MRI scans link atypical growth of key brain structure during infancy with autism
MRI scans have revealed a key growth pattern in the brains of infants that researchers have correlated with autism spectrum disorder.
After examining brain scans from more than 400 infants (6-24 months of age), researchers found that children who were eventually diagnosed with autism spectrum disorder (ASD) had something in common: overgrowth of the amygdala.
Located deep in the brain, the amygdala plays a key role in processing memory, emotional responses and decision making. An abnormally large amygdala is common among school-aged children with ASD, but exactly when overgrowth starts to occur has been unclear.
“The vast majority of neuroimaging studies are cross-sectional and are conducted on children after diagnosis (i.e., 2 years of age and older), leaving unknown the developmental time course of amygdala enlargement, how it relates to the timing of emerging diagnostic features and eventual diagnosis, and whether enlargement is specific to the amygdala or also occurs during infancy in other subcortical structures, such as the basal ganglia,” first author Mark Shen, PhD, assistant professor of psychiatry and neuroscience at UNC Chapel Hill, and colleagues explained.
With the goal of identifying a clearer idea of when the amygdala overgrowth starts to occur, researchers acquired longitudinal brain MRIs from four groups of children—29 infants with fragile X syndrome, 58 infants at high likelihood for ASD who were later diagnosed, 212 high-likelihood infants not yet diagnosed with ASD and 109 control infants.
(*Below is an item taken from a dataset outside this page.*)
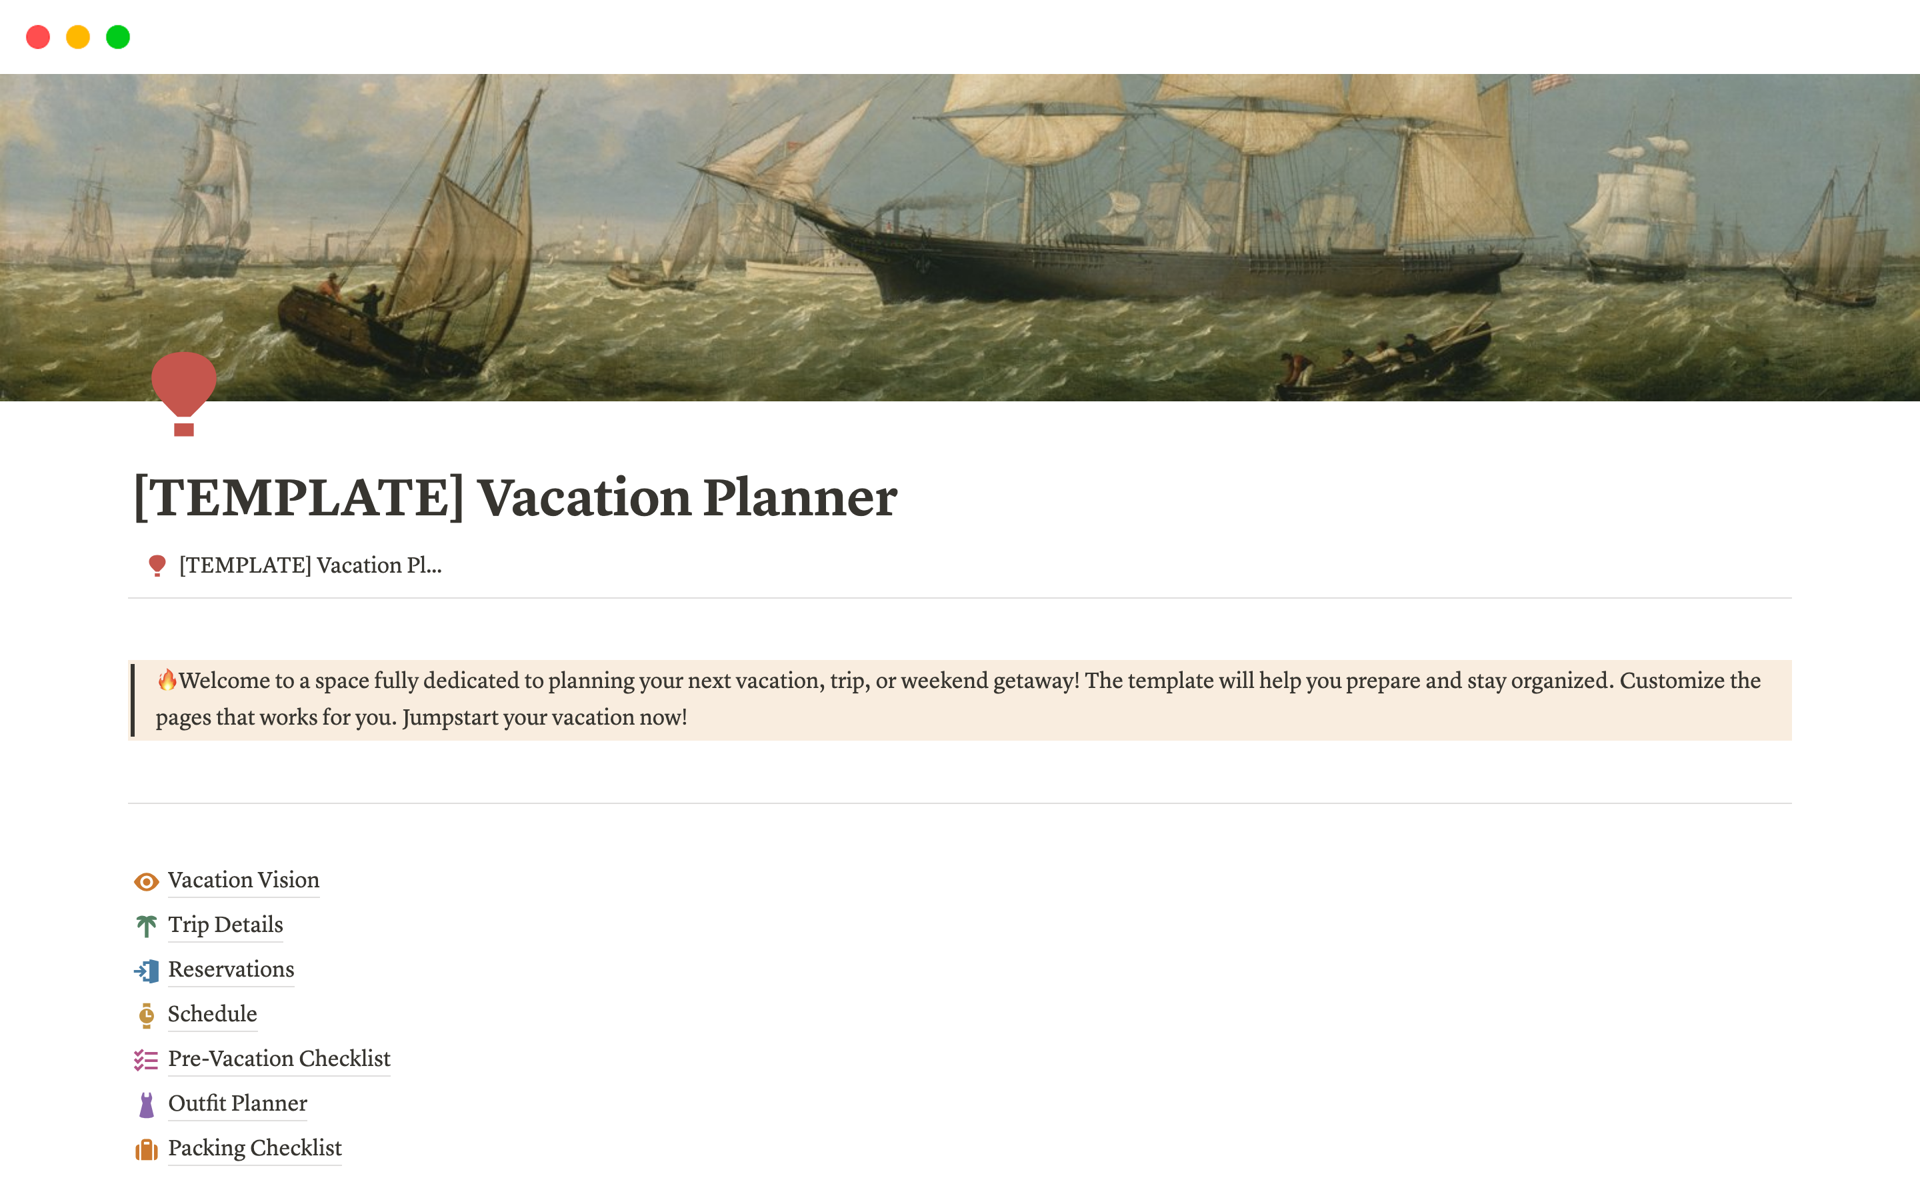 Vacation Planner - from trip idea, planning, and booking to packing - this template is your all-in-one vacation hub.

Researchers found that in infants who developed ASD, amygdala size was typical at 6 months of age, but this changed between the ages of 6 and 24 months. By 12 months the ASD group exhibited significantly larger amygdala volume compared to the other groups.
These changes appeared to correlate with the progression of social deficits as well. The experts reported that amygdala growth rate between 6 and 12 months was associated with greater social deficits at 24 months, when the children were diagnosed with ASD.
“The faster the amygdala grew in infancy, the more social difficulties the child showed when diagnosed with autism a year later,” the researchers said.
The authors note that their study results, which are the first to identify amygdala overgrowth before the onset of behavioral symptoms in autism, could help improve treatment and therapy strategies for children on the spectrum.
“Our research suggests an optimal time to start interventions and support children who are at highest likelihood of developing autism may be during the first year of life,” the experts suggested. “The focus of a pre-symptomatic intervention might be to improve visual and other sensory processing in babies before social symptoms even appear.”
The detailed research can be viewed in the American Journal of Psychiatry.